Months earlier in Canada, a Sikh separatist called Hardeep Singh Nijjar — a long-time associate of Pannun — was killed in a shooting that Canadian Prime Minister Justin Trudeau blamed on India.
But the US assassination plot on Pannun was foiled, according to the indictment, when an Indian national, operating under the Indian agent’s direction, inadvertently hired an undercover US agent posing as a potential hit-man.
The publication said the case has been embarrassing for the Biden administration, which has continued to court Modi in an effort to counterbalance China.
“The question that this episode raises is whether we really are on the same page with this Indian government, and the extent to which an inclination to want to achieve a broader strategic end is maybe leading us to overlook the actually very transactional nature of the relationship,” said Daniel Markey, a former State Department official who’s now at the US Institute of Peace.
Pannun, who worked at a Wall Street bank before turning to human rights law, now has five security guards to protect him and search the bags of even his close friends and associates, said the publication.
“I can continue to fight for the liberation of Punjab only if I stay alive,” he noted adding: “You are doing a peaceful and democratic referendum, you are sitting at a place — and India has the resources and the proxies and the weapons and the money to kill you. You have to make sure that you survive and you continue the campaign.”
In a recent twist, Pannun filed a civil case in the US seeking restitution against senior Indian officials he alleges are responsible for the assassination attempt. Those allegations are “unsubstantiated” and “unwarranted,” Misri, the foreign secretary, said.
In Canada, which saw India expel dozens of diplomats after Trudeau accused India, the government is holding firm on its accusation that India was behind the killing of Nijjar.
“That’s the ultimate breach of our country’s sovereignty,” Foreign Minister Melanie Joly told Bloomberg in an interview on September 30 and further said: “That can’t happen again.”
Pannun, who was born in Amritsar, India, came to the US as a student. He made the new allegations that his life was still at risk after Sikh separatists in California had their truck “sprayed with bullets,” claimed his group.
The publication said that the new attack is reviving concerns among US lawmakers after the original assassination plot prompted some Democratic senators to call on Secretary of State Antony Blinken to mount a strong diplomatic response “no matter the perpetrator.”
Senator Jeff Merkley, an Oregon Democrat, said it was crucial to investigate the California incident and to “send a strong message deterring potential future efforts to undermine the values of free speech and protest that we as a nation hold dear.”

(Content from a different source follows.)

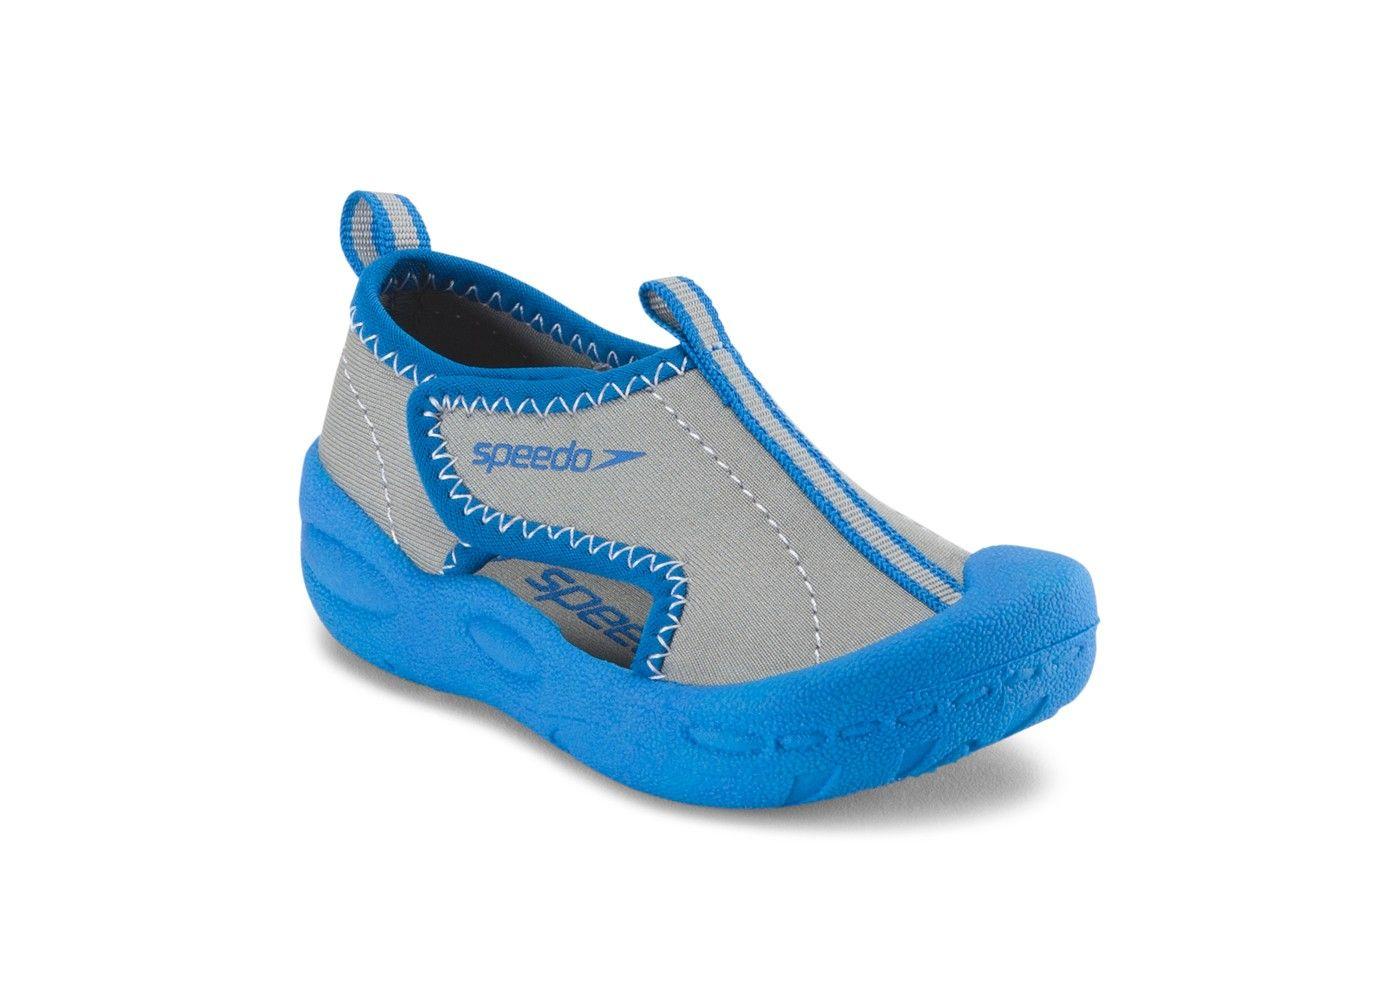 Speedo Toddler Boys' Hybrid Water Shoes

Senior Biden administration officials, including White House National Security Adviser Jake Sullivan, have raised Pannun’s case with Modi’s government. Sullivan said in July that the issue “is sensitive, it is something we are working through,” but that the US effort “has been effective, in my view, mostly because it is taking place behind closed doors”.
Pannun, however, says that “quiet diplomacy” hasn’t worked “in the last 15 months’ and that “it will not work in the next three years”. He also the Biden administration was handling his case differently because of its desire to have a strategic relationship with New Delhi.
“Had it been Iran, had it been China, had it been Russia — would the administration’s response be the same?” he asked.